WHAT THE TASK ASKS: An exact copy of the data is required. No picture may appear in it.

SUPPLIED INFORMATION:
----

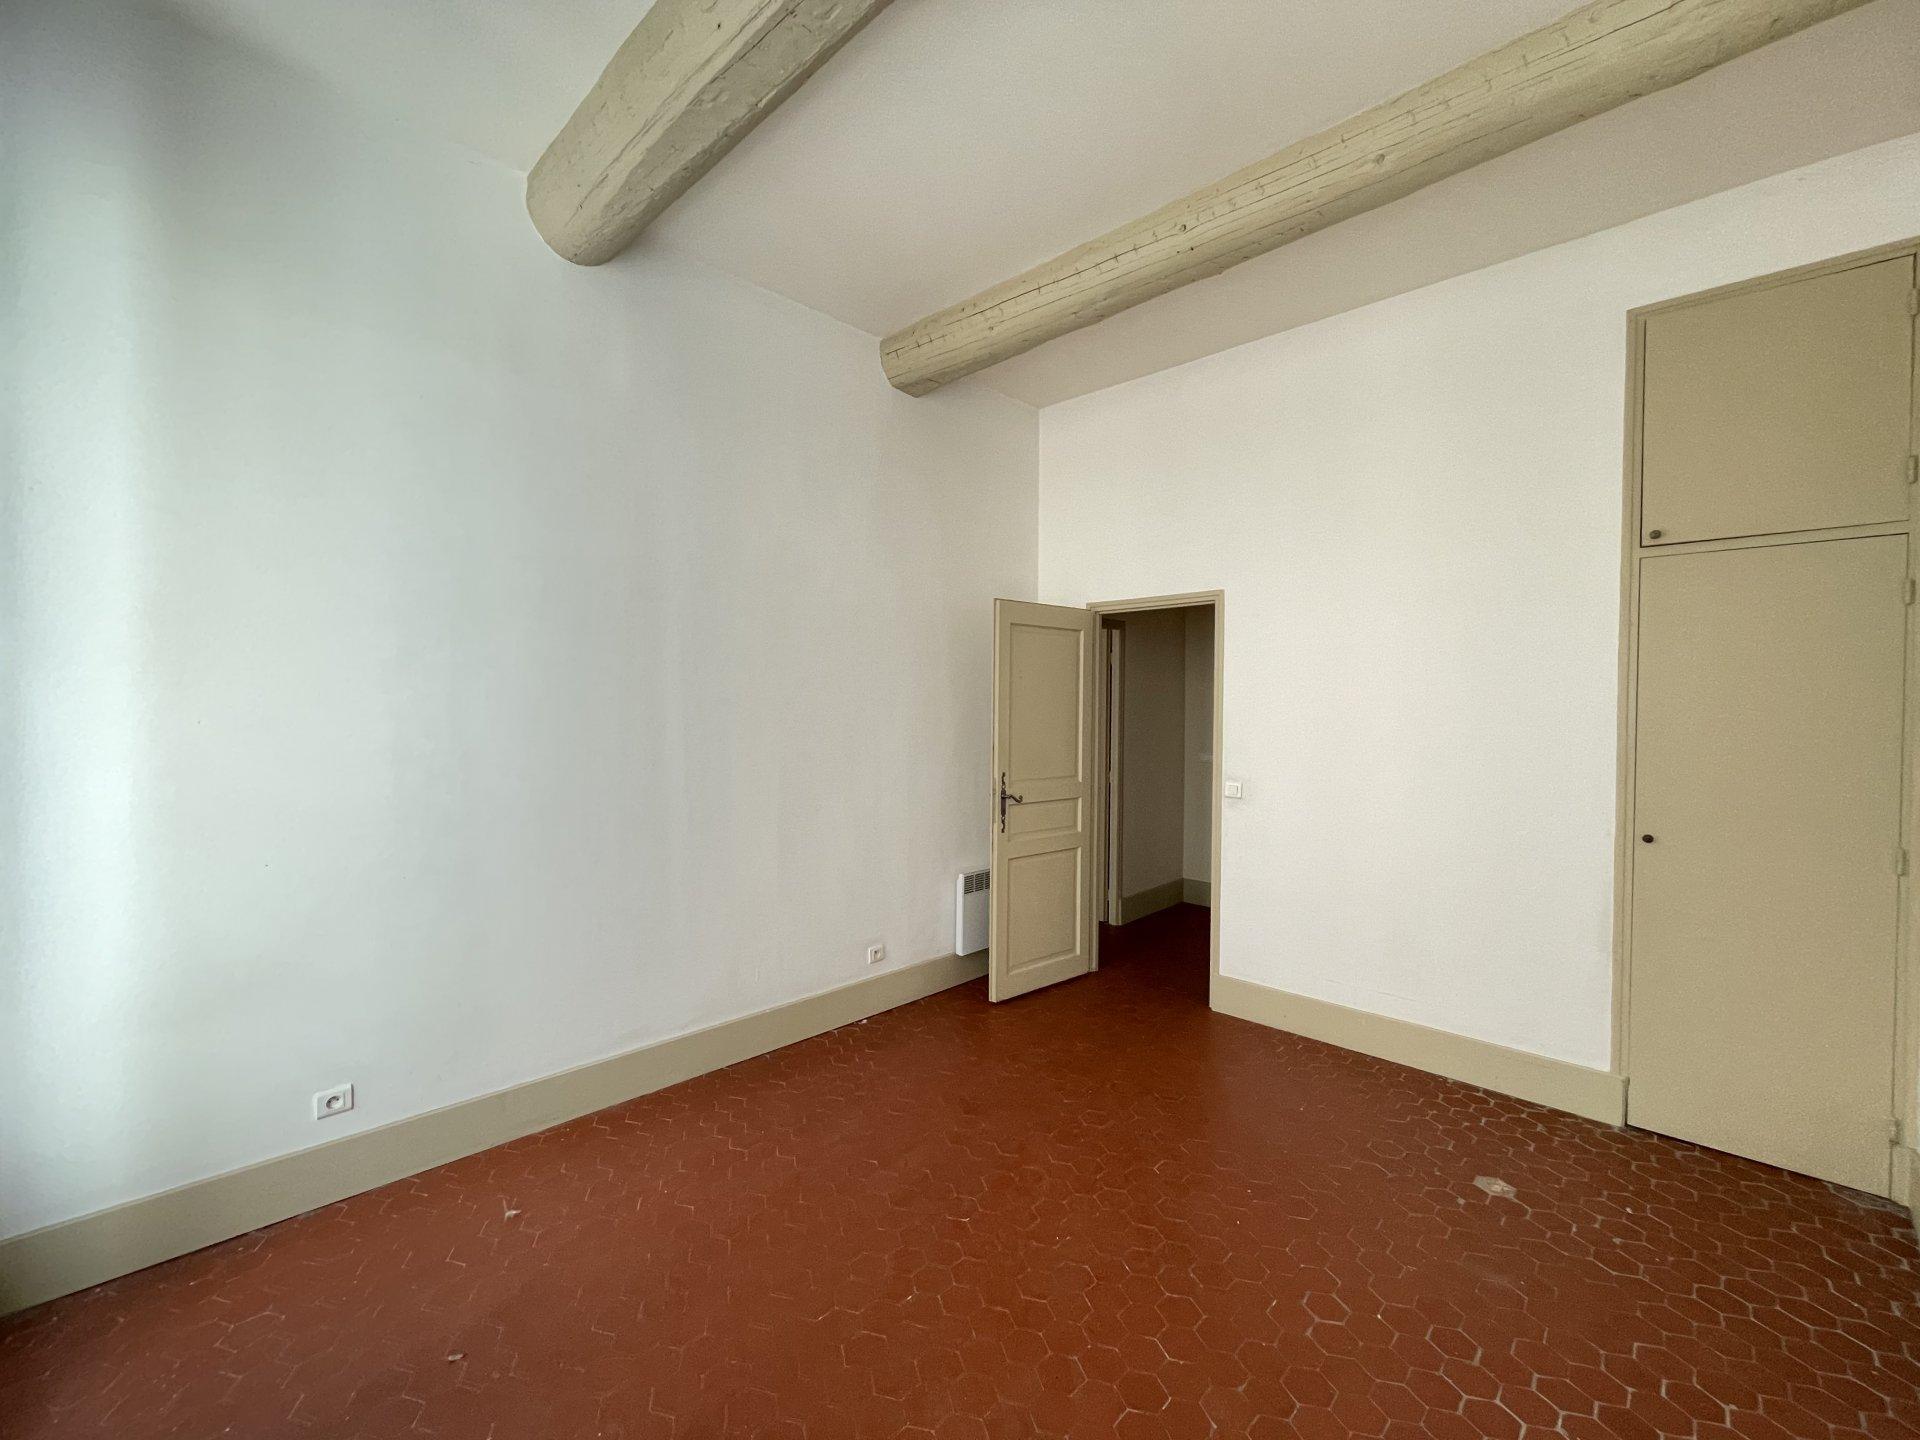 Vente Appartement BEAUCAIRE surface habitable de 115 m²
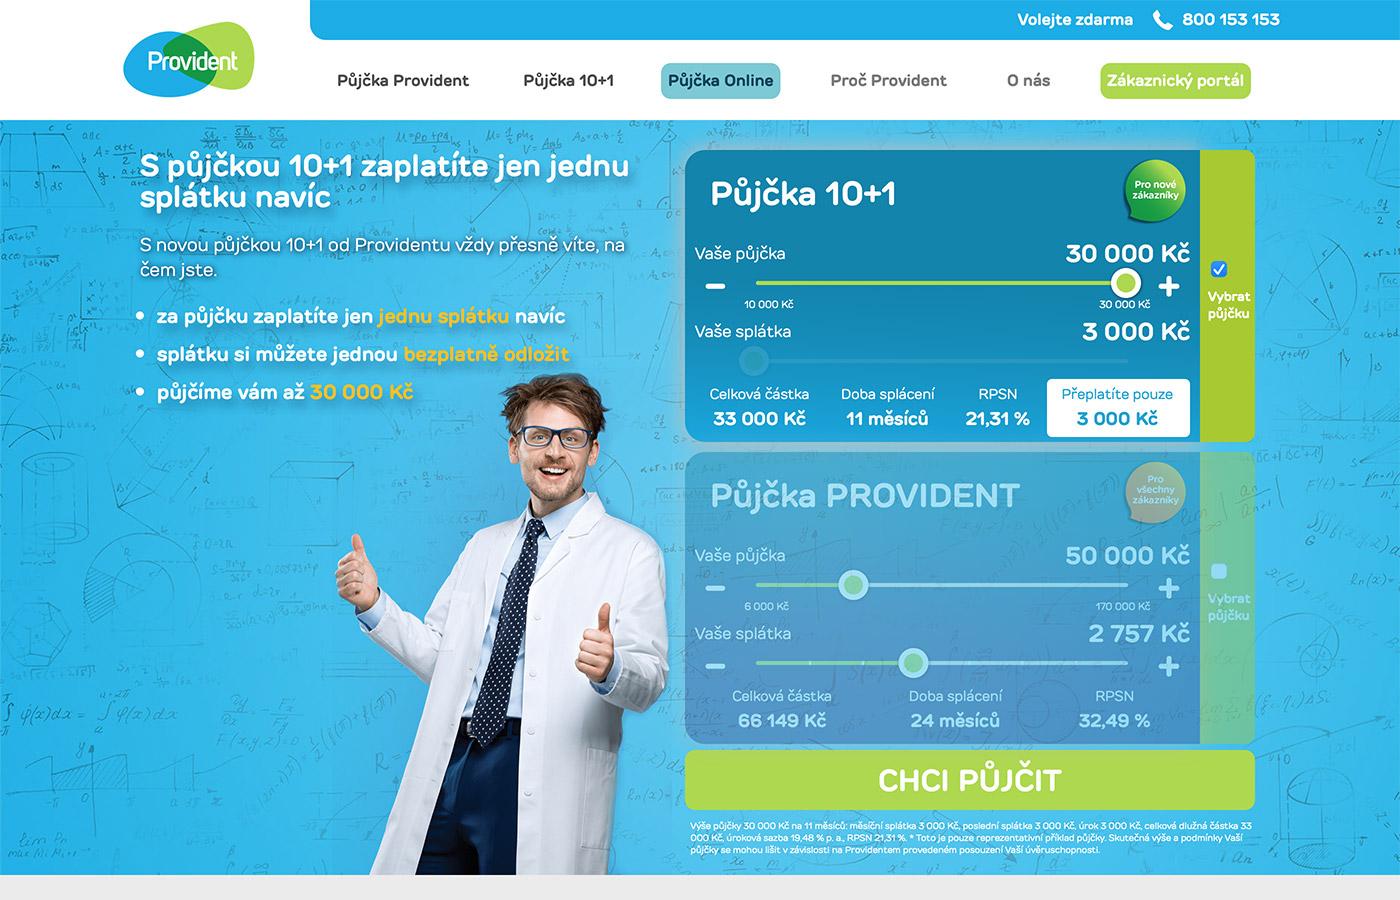 Náhled webových stránek www.provident.cz/pujcky/pujcka-10-1
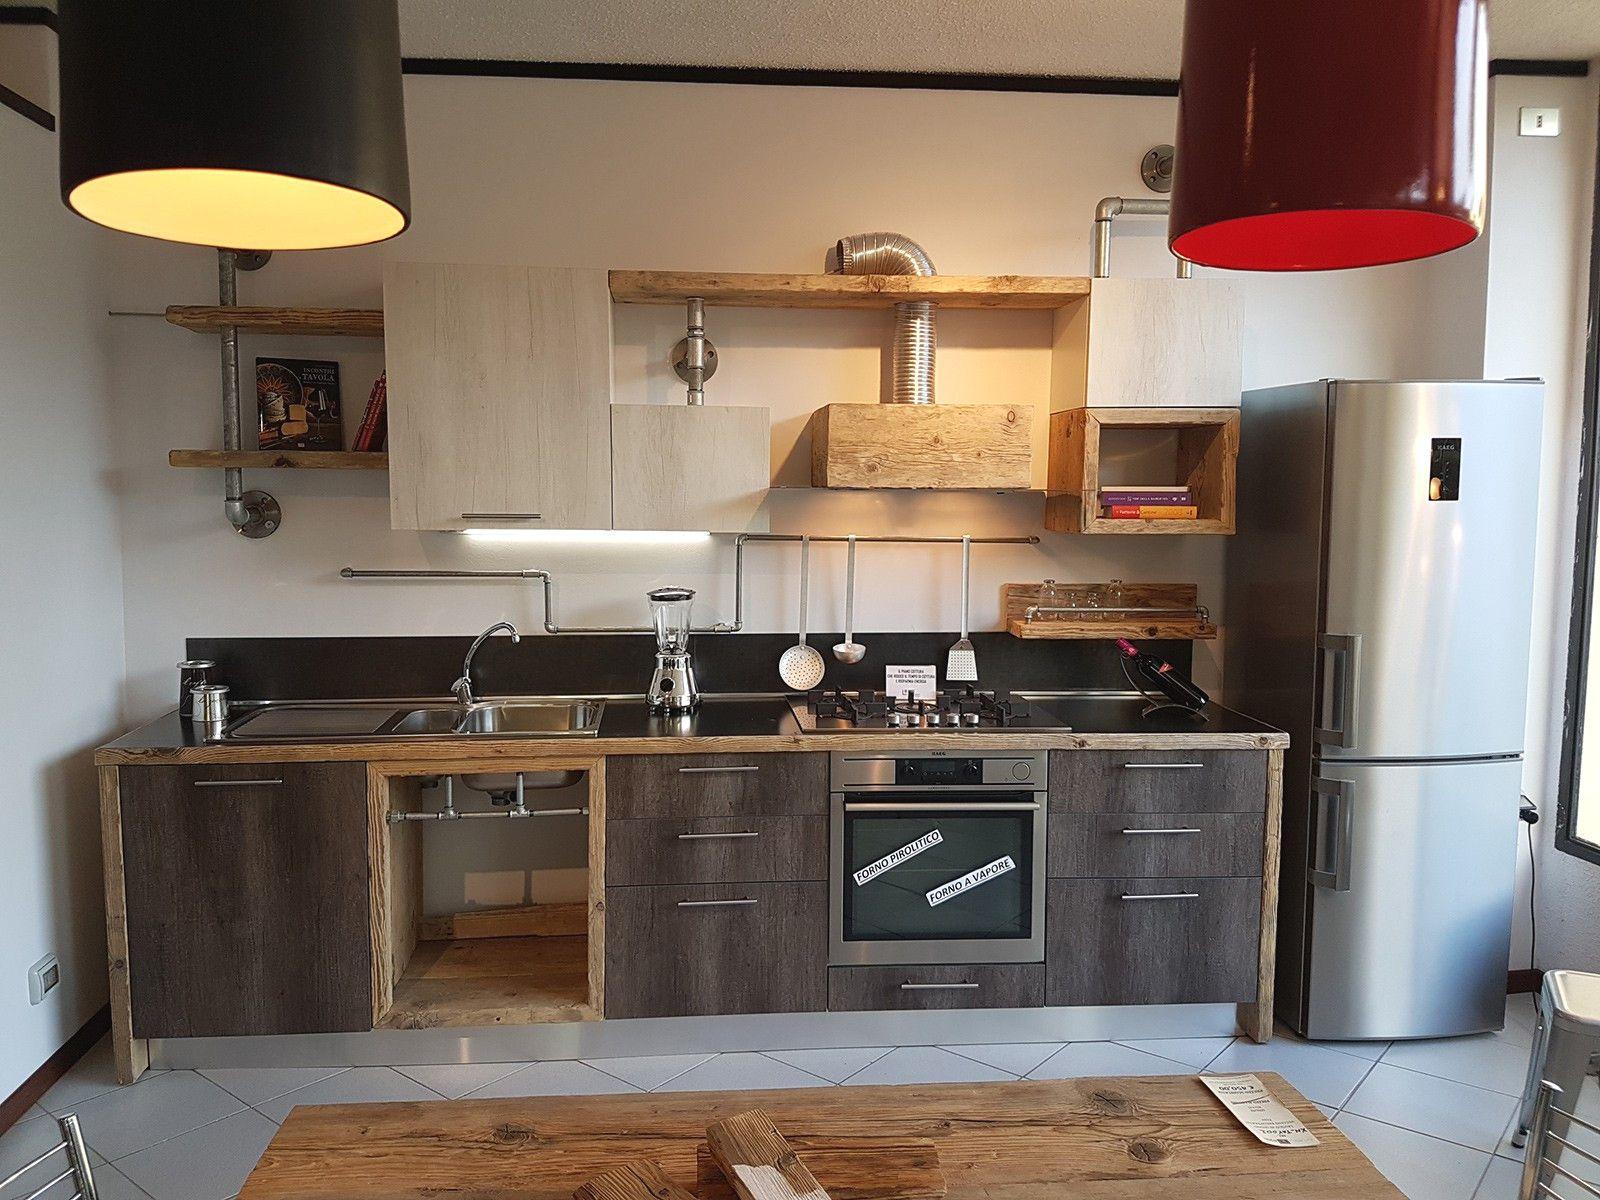 Top Cucina Acciaio Inox Prezzo Decorazione Di Design Per La ...

----

WRITTEN ANSWER:
 Vente Appartement BEAUCAIRE surface habitable de 115 m²
 Náhled webových stránek www.provident.cz/pujcky/pujcka-10-1
 Top Cucina Acciaio Inox Prezzo Decorazione Di Design Per La ...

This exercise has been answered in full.